Note: The form of the order is subject to the entry in the Court’s records.
Note: The Court may vary or set aside a judgment or order to remedy minor typographical or grammatical errors (r 17.05(2)(g) Federal Circuit and Family Court of Australia (Division 2) (General Federal Law) Rules 2021 (Cth)), or to record a variation to the order pursuant to r 17.05 Federal Circuit and Family Court of Australia (Division 2) (General Federal Law) Rules 2021 (Cth).
REASONS FOR JUDGMENT
JUDGE CAMERON
INTRODUCTION
The applicant is a citizen of China who arrived in Australia on 1 February 2016. On 7 March 2017 he lodged an application for a protection visa with what is now the Department of Home Affairs (“Department”) [alleging that he feared persecution in China because he had been detained and beaten by police following a scuffle with a local official. On 7 April 2017 the applicant’s application was refused by a delegate of the first respondent (“Minister”). The applicant then applied to the Administrative Appeals Tribunal (“Tribunal”) for review of that departmental decision. He was unsuccessful before the Tribunal, which dismissed his application for non-appearance on 22 March 2021 and affirmed that decision on 12 April 2021. The applicant then applied to this Court for judicial review of the Tribunal’s decisions.

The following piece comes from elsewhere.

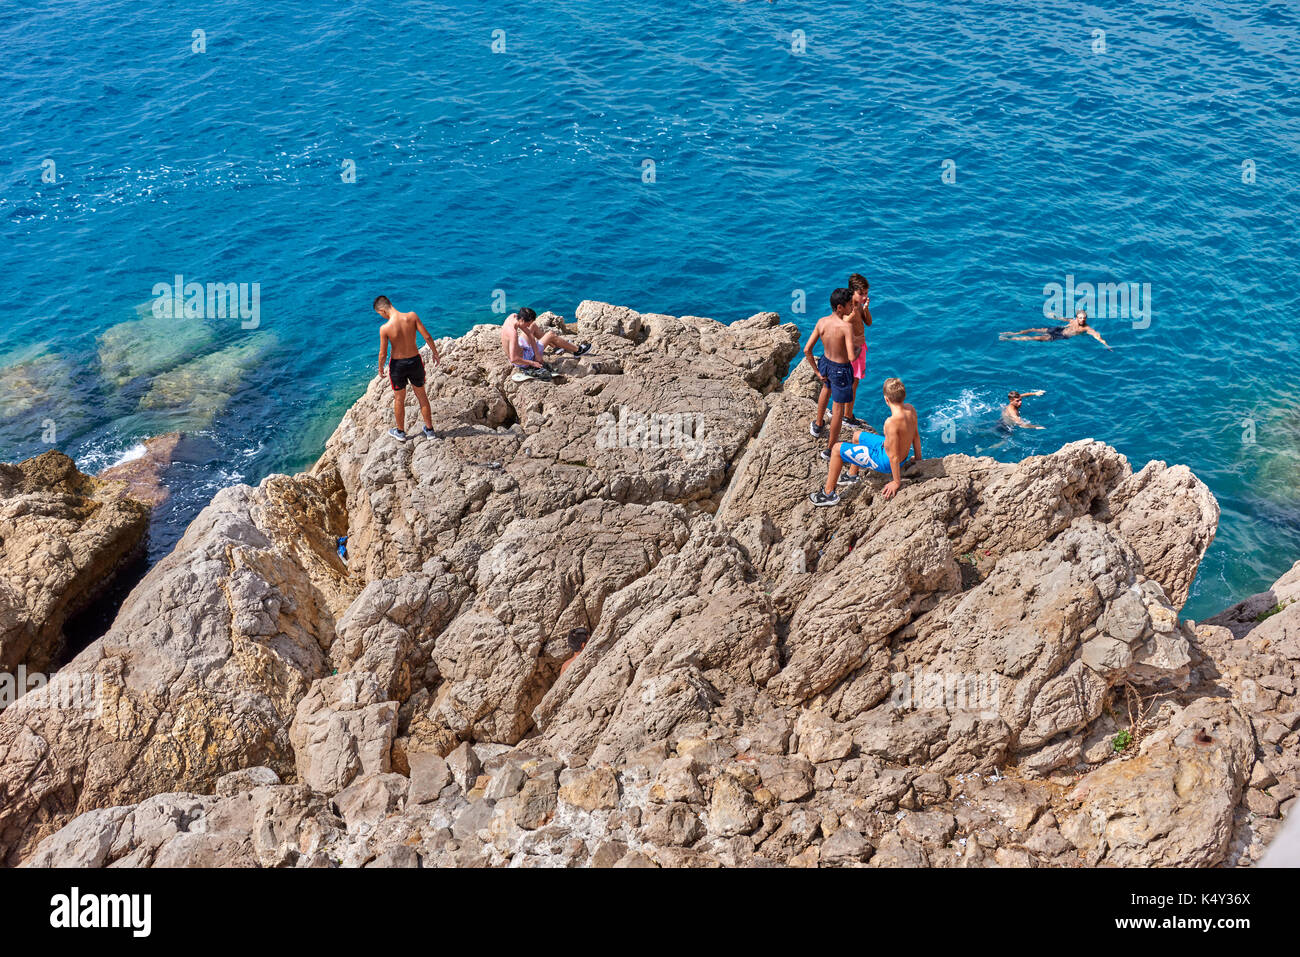 france photography Southeast corner of hi-res images and Alamy - stock

The Minister contended that the applicant’s application had no reasonable prospects of success and applied for it to be summarily dismissed, relevantly, pursuant to r.13.13 of the Federal Circuit and Family Court of Australia (Division 2) (General Federal Law) Rules 2021 (Cth) (“Rules”). The Minister’s application was heard and granted by a registrar on 1 June 2023: BCJ21 v Minister for Immigration, Citizenship and Multicultural Affairs [2023] FedCFamC2G 464. The registrar’s orders were:
1. The application for judicial review filed 28 April 2021 be summarily dismissed pursuant to r 13.13(a) of the Federal Circuit and Family Court of Australia (Division 2) (General Federal Law) Rules 2021 (Cth).
2. The applicant pay the first respondent’s costs fixed in the amount of $4,189.38.
On 22 September 2023 the applicant filed an application for review of the registrar’s decision. These reasons concern that application.
EXTENSION OF TIME
Rule 21.04 of the Rules requires that review of a registrar’s decision proceed as a hearing de novo. However, before the Court reaches that point, regard should be had to r.21.02 of the Rules, which provides that an application for review of a registrar’s decision must be made within seven days of that decision. In this case, the application for review of the registrar’s decision should have been made no later than 8 June 2023. However, it was, in fact, filed on 22 September 2023 which the Minister today advises me is 106 days late. It may also be described as approximately three and a half months late.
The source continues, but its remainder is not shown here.